Have we become a lawless place? Were we more honest in times past?
I doubt it. Why would there have been police station at Langport and Somerton and a police house in Long Sutton if there had been no work for the officers to do?
Police Constables Pearce and Sparkes were based in Langport station. They were household names. They were men who spent time out in the neighbourhoods, calling at farms, known for responding directly to situations. They seemed to possess almost divine qualities in their omniscience and omnipresence. Their networks must have been very effective, for there seemed little that they did not know. Perhaps the compact area they were expected to cover enabled them to be familiar figures.
In memory, PC Sparkes is like a policeman from the television series Heartbeat.

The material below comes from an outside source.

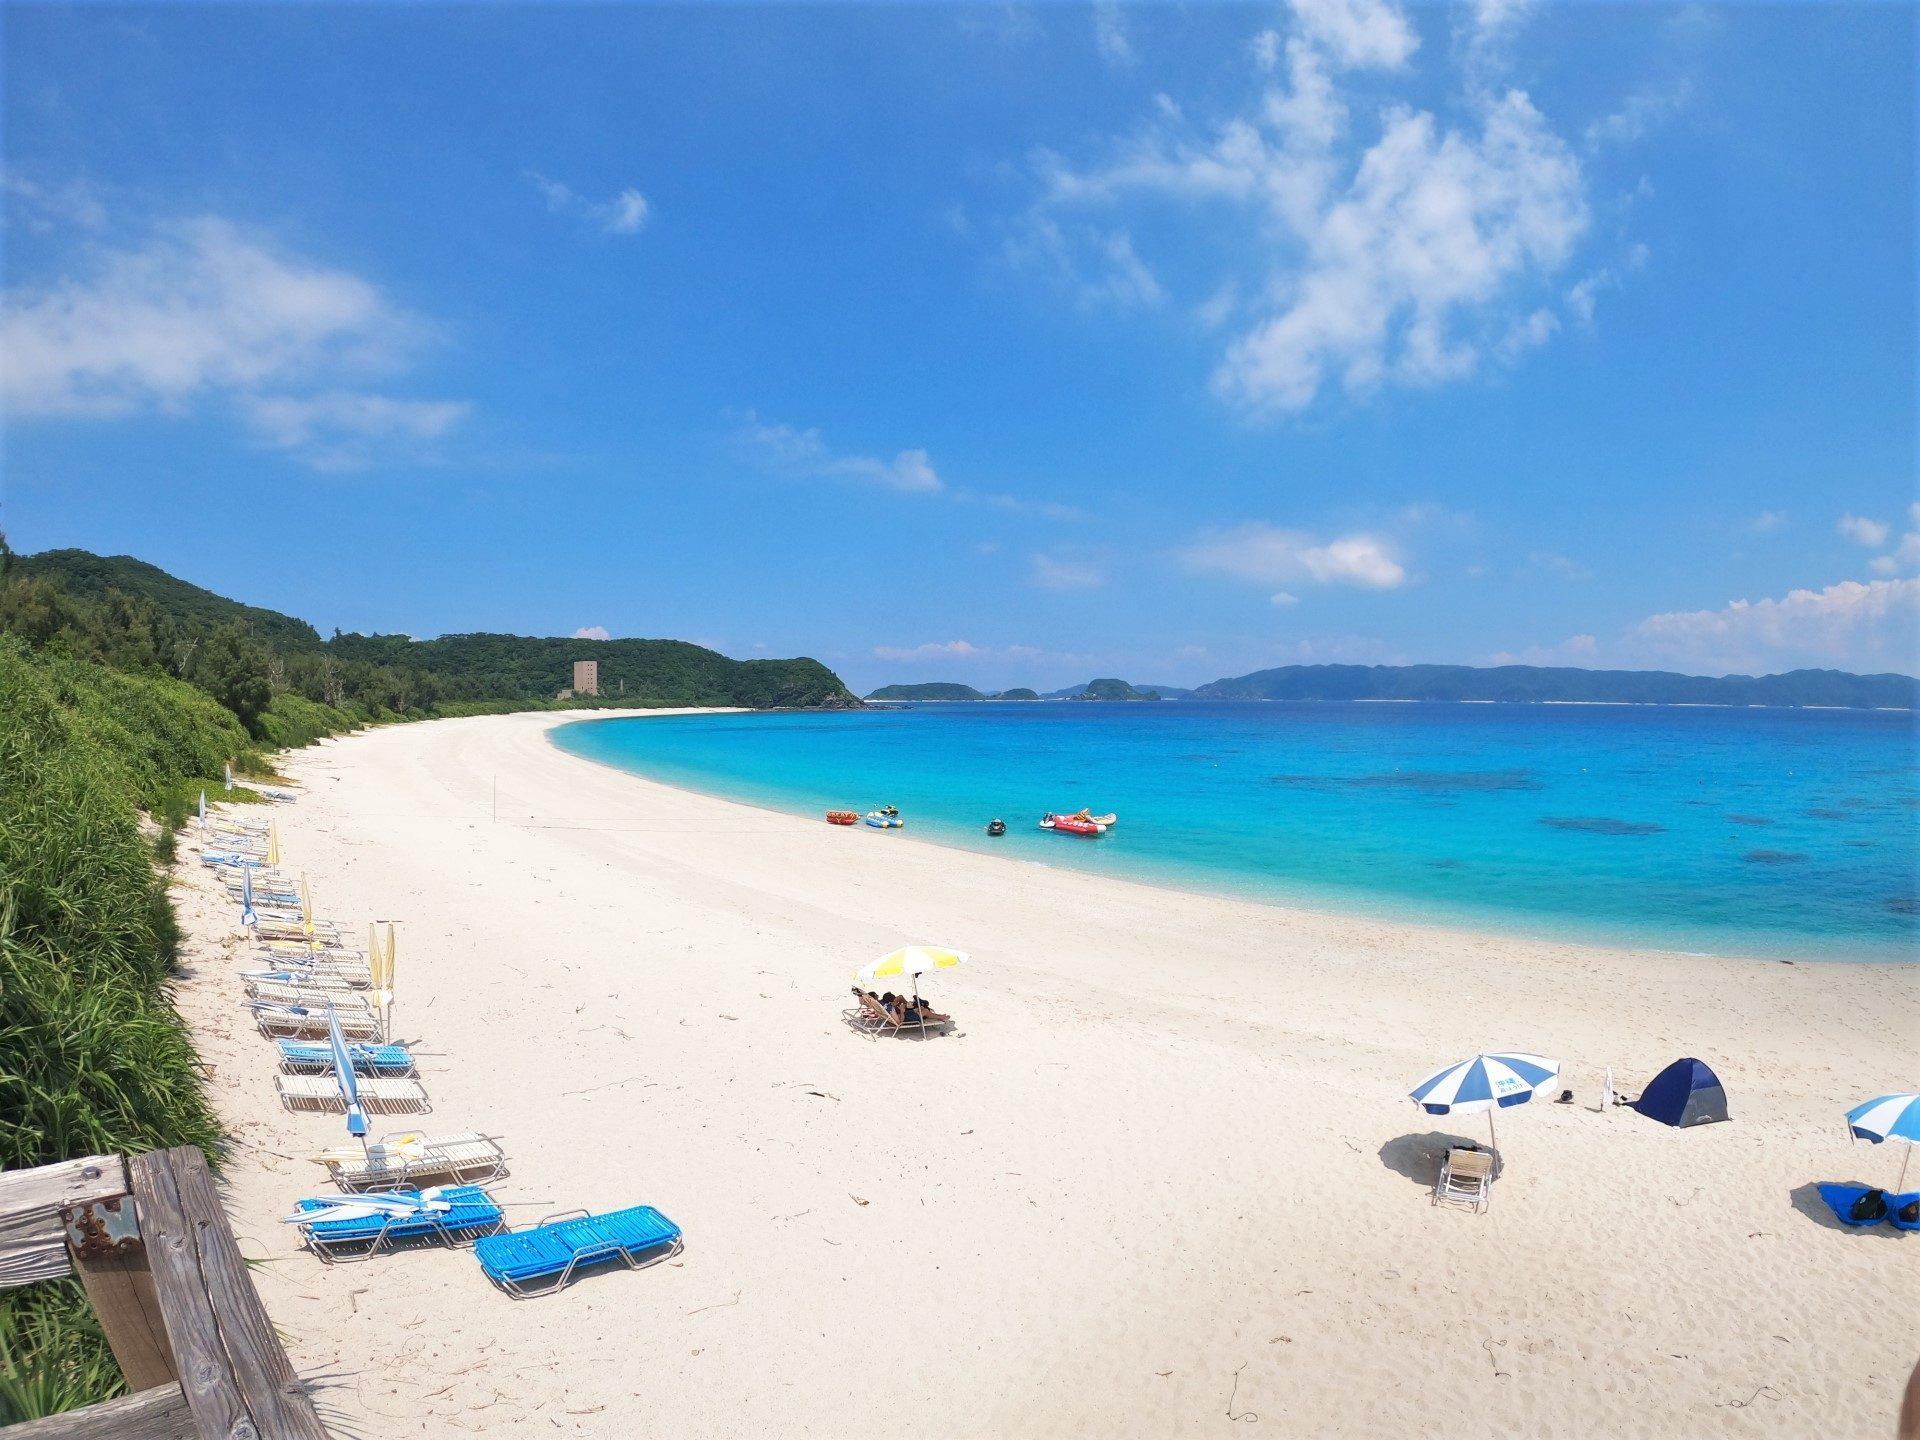 座間味島 観光 沖縄 離島 旅行 おすすめ 古座間味ビーチ

He wore a black peaked crash helmet with goggles, a leather coat and big gauntlets and he rode a big motorbike which went down the road with a throaty roar.
It seems remarkable now, but the local police force felt able to be entirely open about their activities. The FM waveband was used for their radio communication; the radiogram in our house included FM in its wavebands and it was possible to sit and listen to stories as they unfolded, or, sometimes, to the idle chatter of officers working the hours of a quiet shift.
A police presence has all but disappeared from our community. No policeman has lived in Long Sutton for at least forty years. Langport station was closed and sold a generation ago and the site redeveloped. Somerton police station is used as an administration building. If there are police officers assigned to our area, their names are a mystery.
The answer to rural crime is not more security measures; it is not expecting people to phone reporting lines; it is not to blame trends in society; it is to look at what was good practice, what kept crime to minimal levels. The spirit of Pearce and Sparkes needs to be revived.